The Brooks Range: Journey, Life, and Art in the Gwazhal is a linen-bound centerpiece book showcasing the imagery of landscape photographer and mountaineer Claude Fiddler. Featuring photographs taken over a span of 21 years, the starkly beautiful images accompany essays from esteemed Alaska writers. The pages paint a vivid Arctic portrait of vastness, hardship, love, and history. The first — and only — edition is just 600 copies.

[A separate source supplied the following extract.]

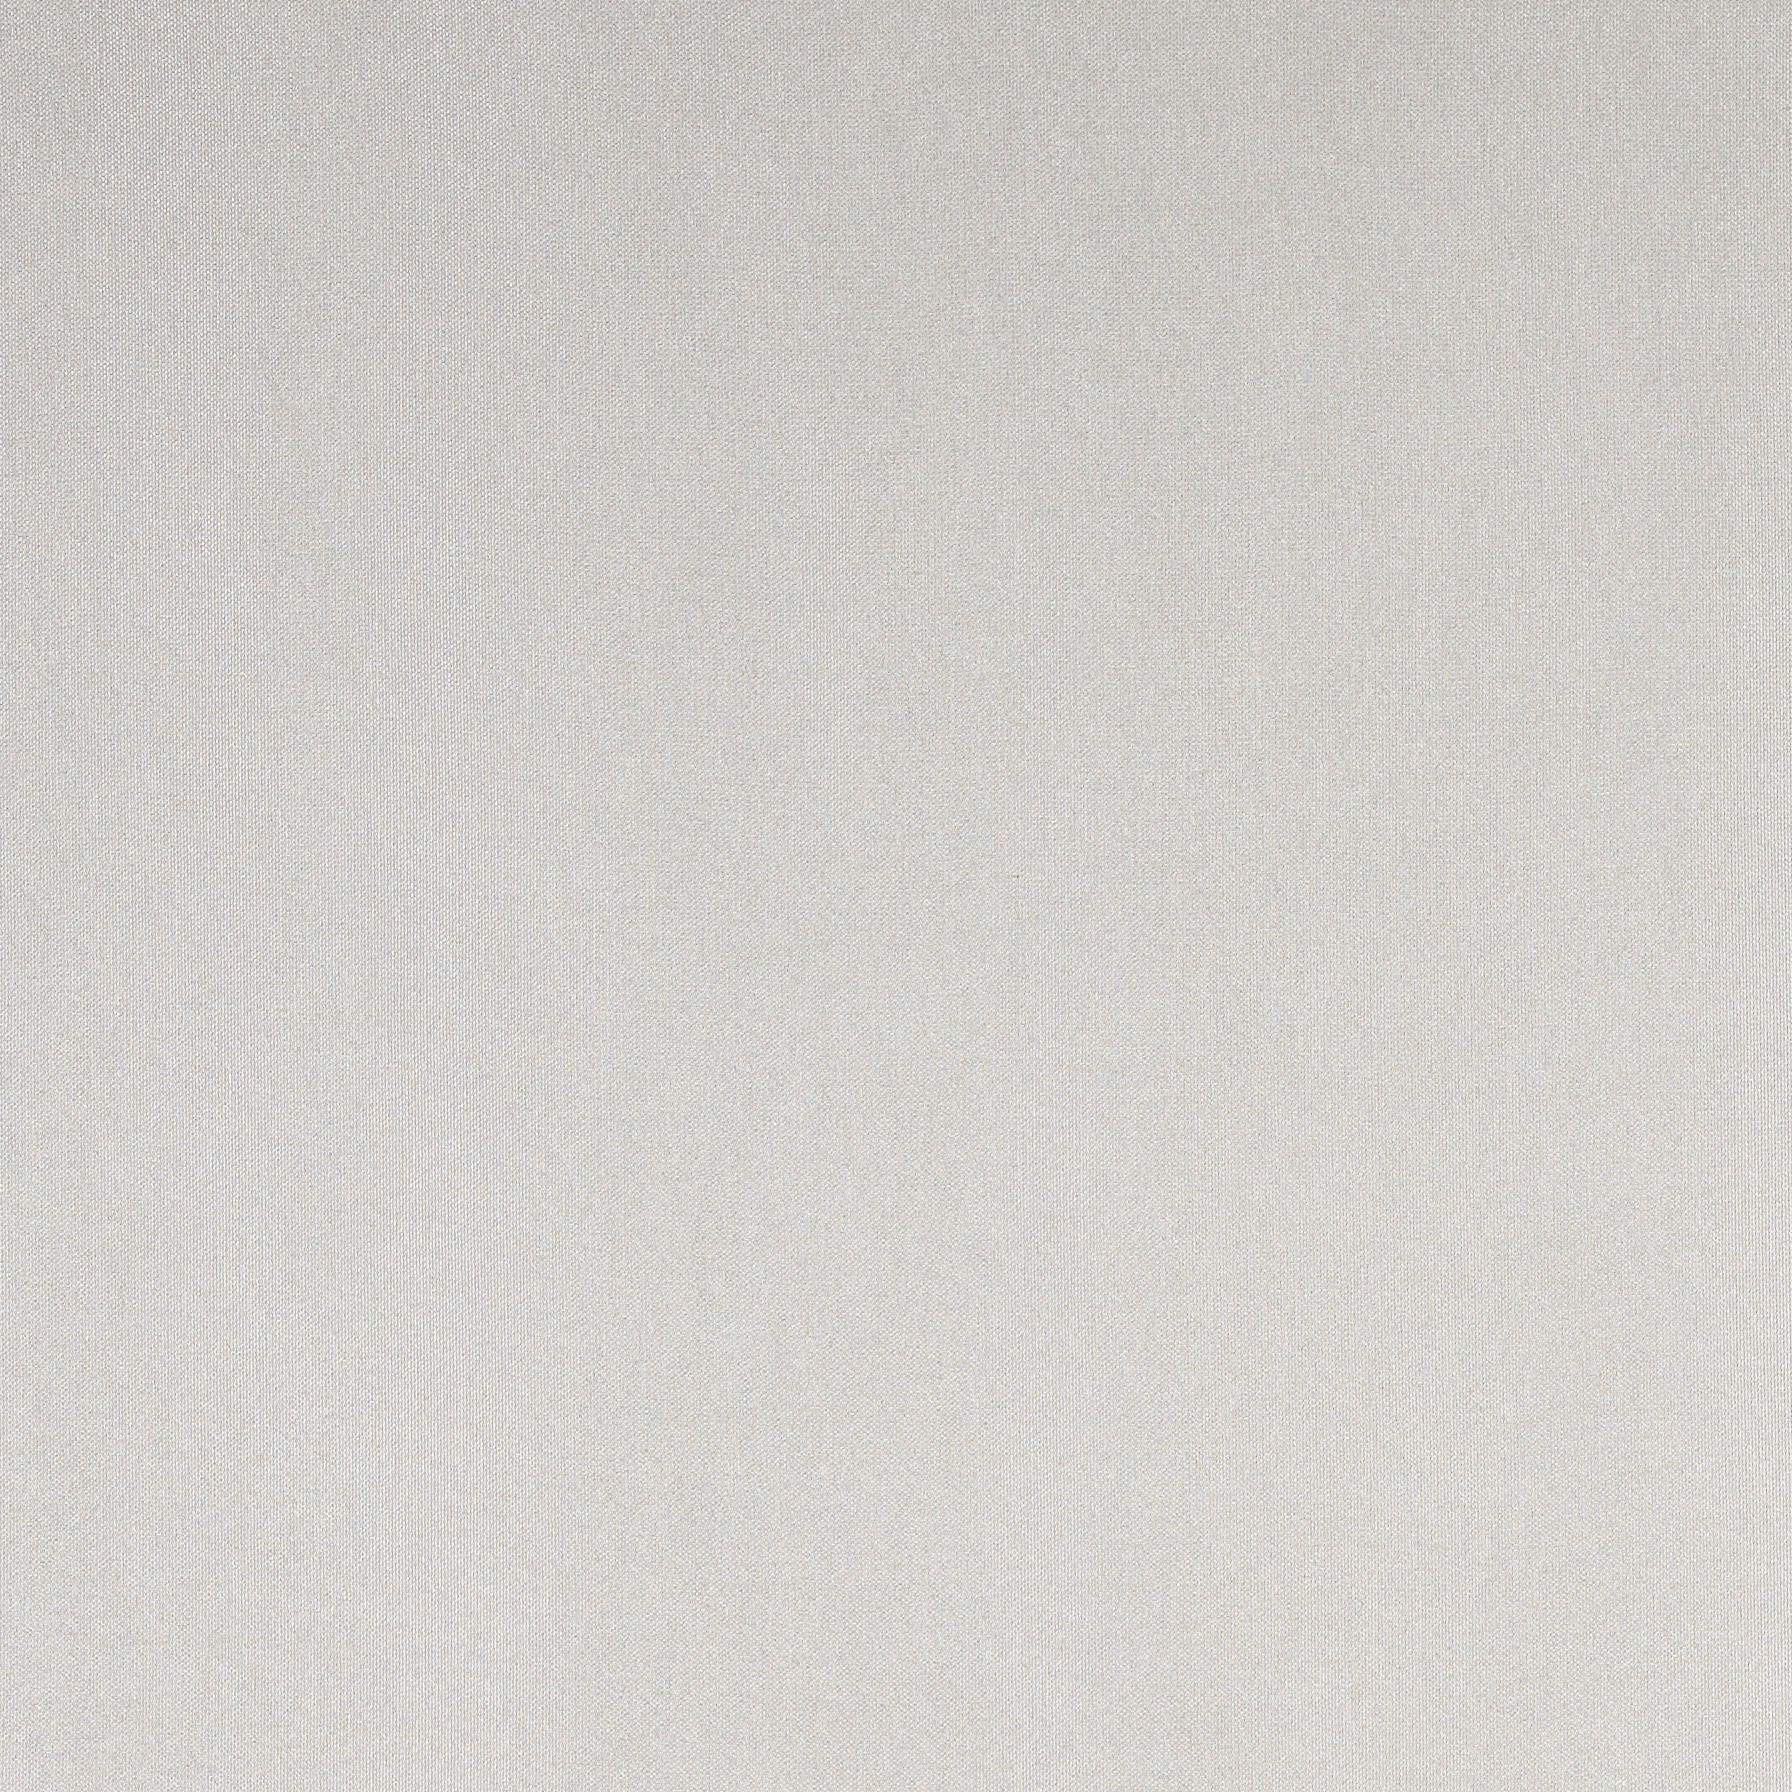 FERTIGVORHANG CAVA black-out (lichtundurchlässig) 140/245 cm   - Sandfarben, KONVENTIONELL, Textil (140/245cm) - Dieter Knoll

No serious mountain book collector will want to miss this one. Find out more and see a detailed preview of the book on Claude Fiddler’s website.

Essays

  • Re-creating What it Means to be Human by Roman Dial

  • Memories of the Land by Adeline Raboff

  • Gwazhal Girl by Adeline Raboff

  • Caribou Cartography by Caroline Van Hemert

  • And Again by Claude Fiddler

  • And Now by Nancy Lord

Critical Review

by David Zurick (excerpted)

I’ve never visited the Brooks Range, and now, having seen Claude Fiddler’s exquisite portfolio of photographs, I feel I may not need to. His images are so gorgeous, immersive, and transcendent that all I may need to do in the future, were I to have a hankering to go and see and experience for myself the region, is enter the pages of his book. The images in it are that good.

The book’s opening image, “Storm clouds and peaks at Sheenjek and Hulahula River divide” does its job admirably well. It sets a stage of rugged terrain, atmospheric turmoil, and fast-changing light. It speaks of exploration, and an artist’s pursuit of adventure and beauty in a remote land. It evokes awe and the mystery of a spiritual landscape – which the Brooks Range, known as the Gwazhal, is held to be among the indigenous people of the region.

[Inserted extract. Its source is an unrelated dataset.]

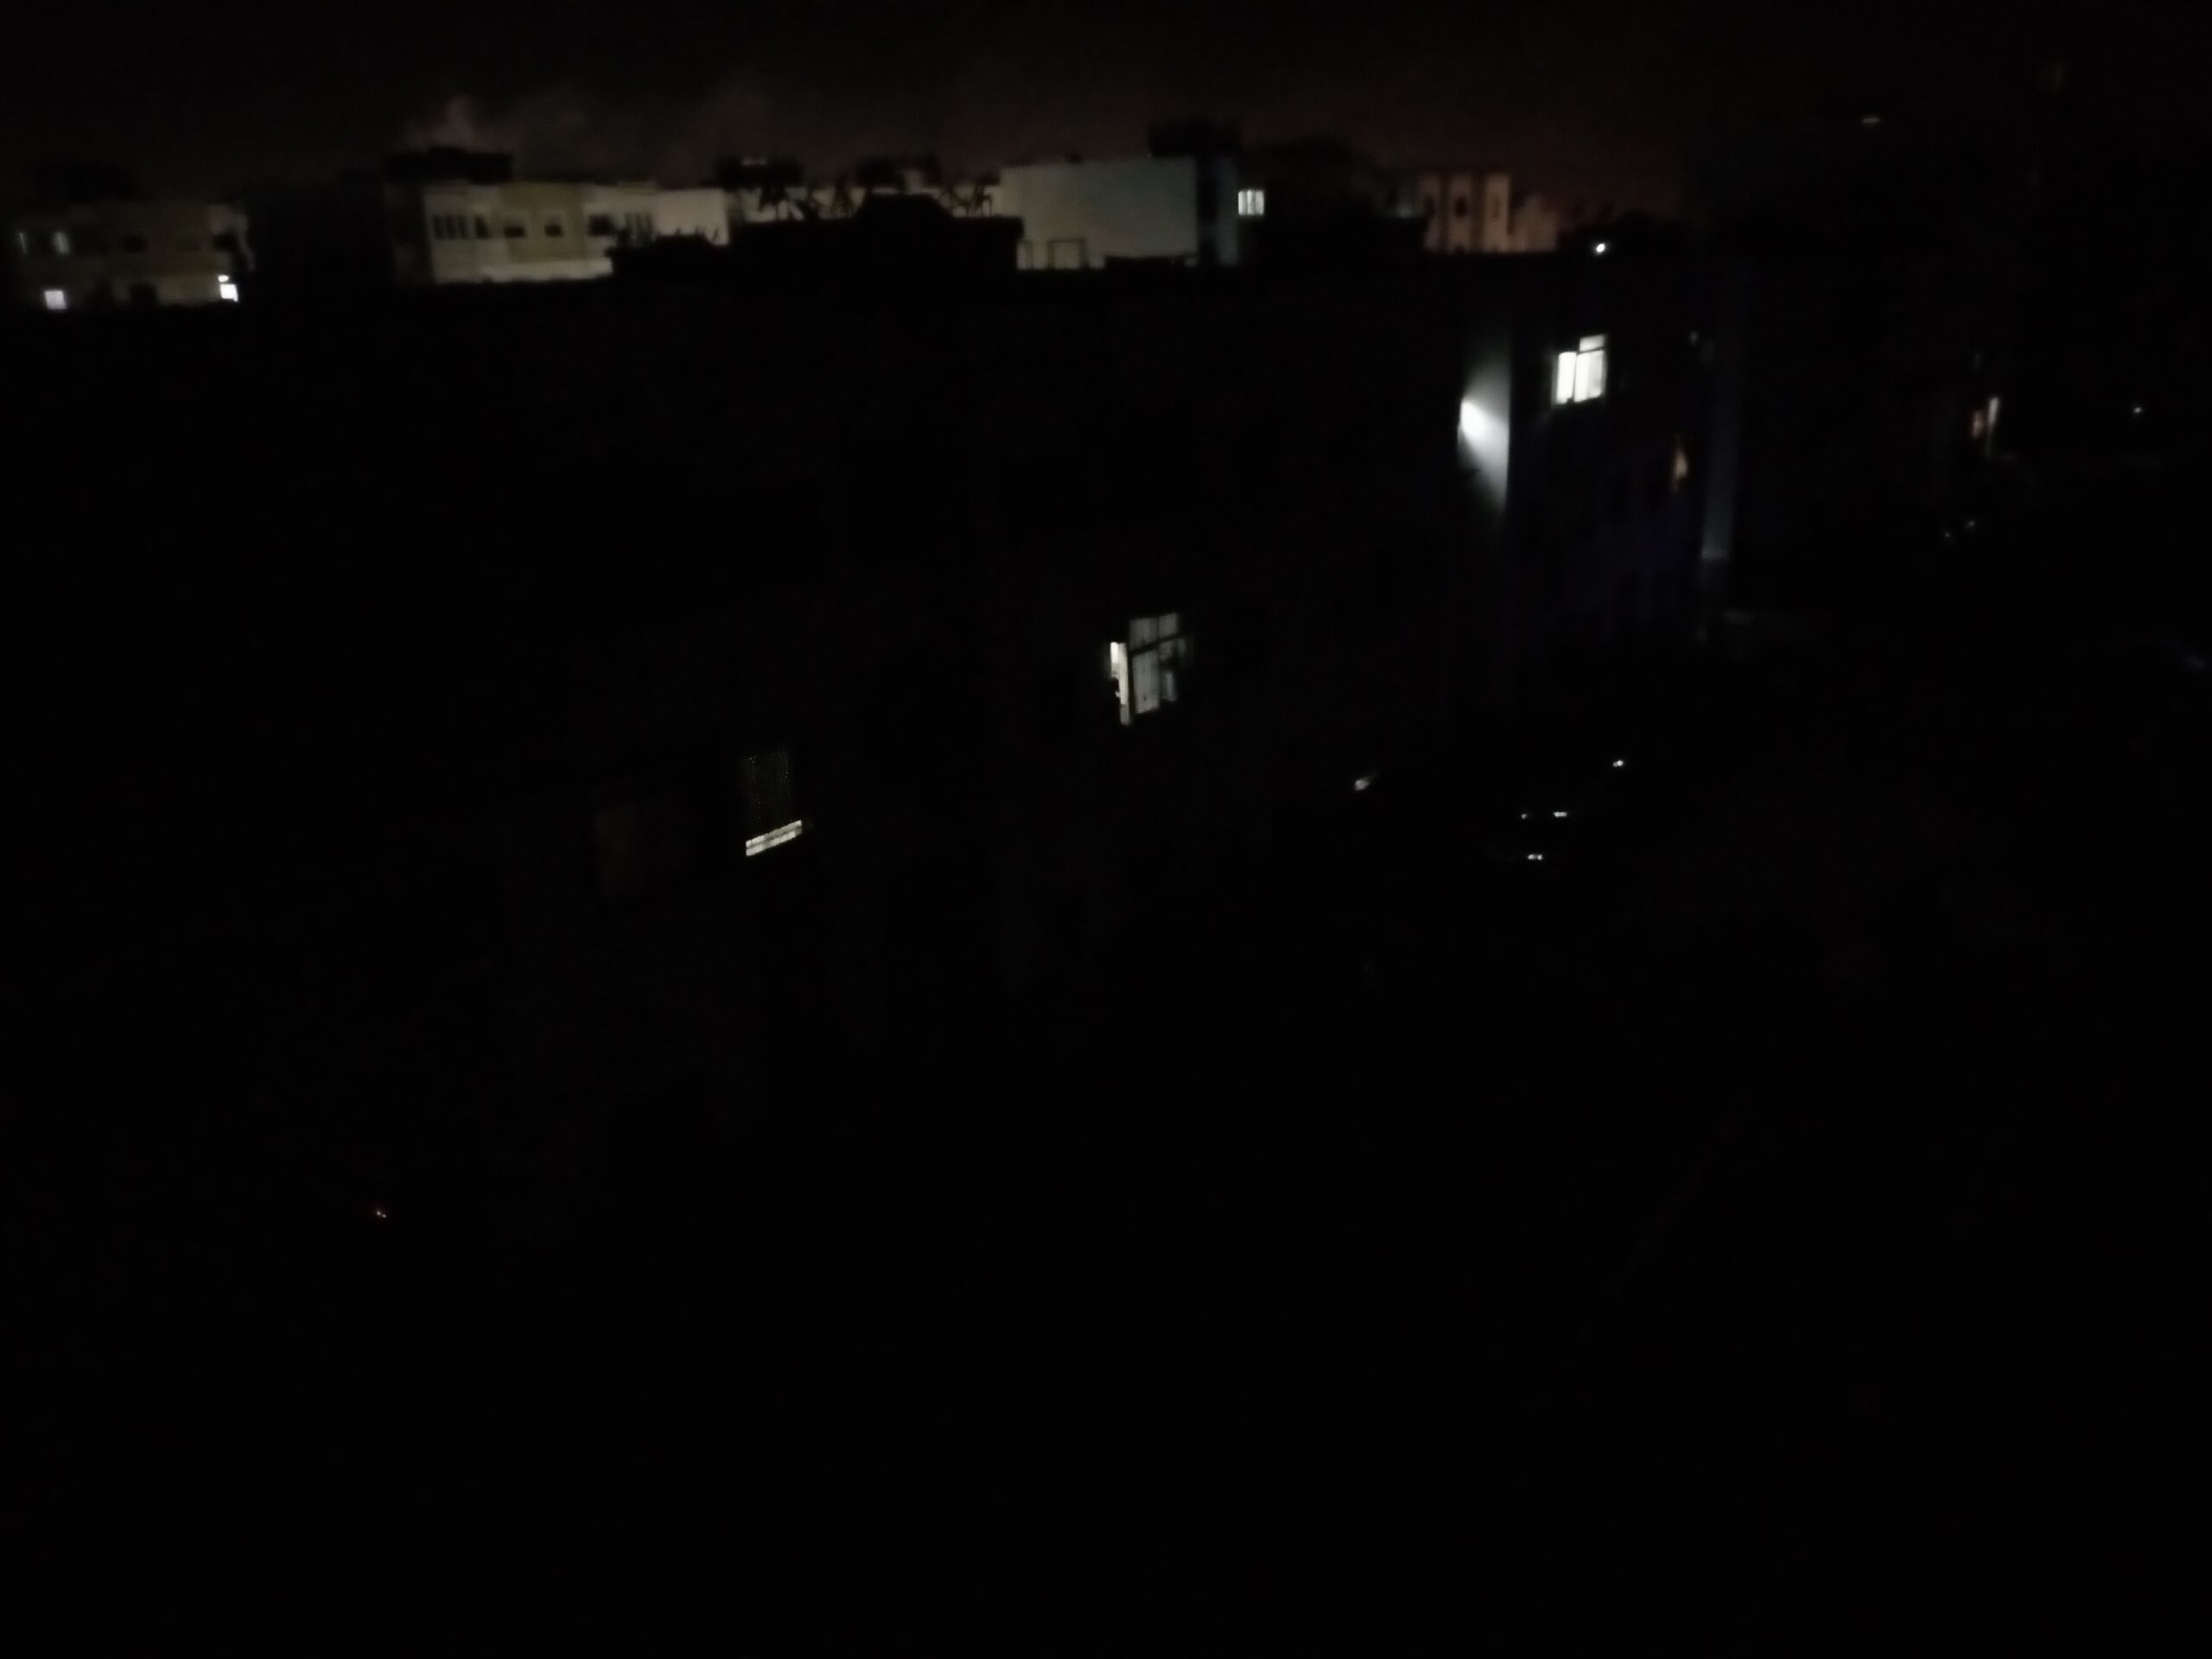 إنقطاع التيار الكهربائي بدون سابق إنذار بشوارع بمنطقة العيايدة بسلا

The other photographs (80 in all, made over a 20-year period) are as good as the opening one. Each contains the jaw-dropping beauty of an Ansel Adams alpine photograph and color palette of one by Richard Misrach. What sets Claude Fiddler’s work apart is that he combines both in a single image. The terrain is rendered at majestic scales and in breathtaking hues. The pictures are at once both muscular and intimate, made under challenging circumstances that I can only imagine.

The book contains scenes of human despoilation as well as untouched wildness, and explanatory words by the author as well as short essays about nature, spirit, memory, and an adventurous life by writers well-versed in the Alaskan Arctic and Brooks Range. All are fitting companions to the imagery.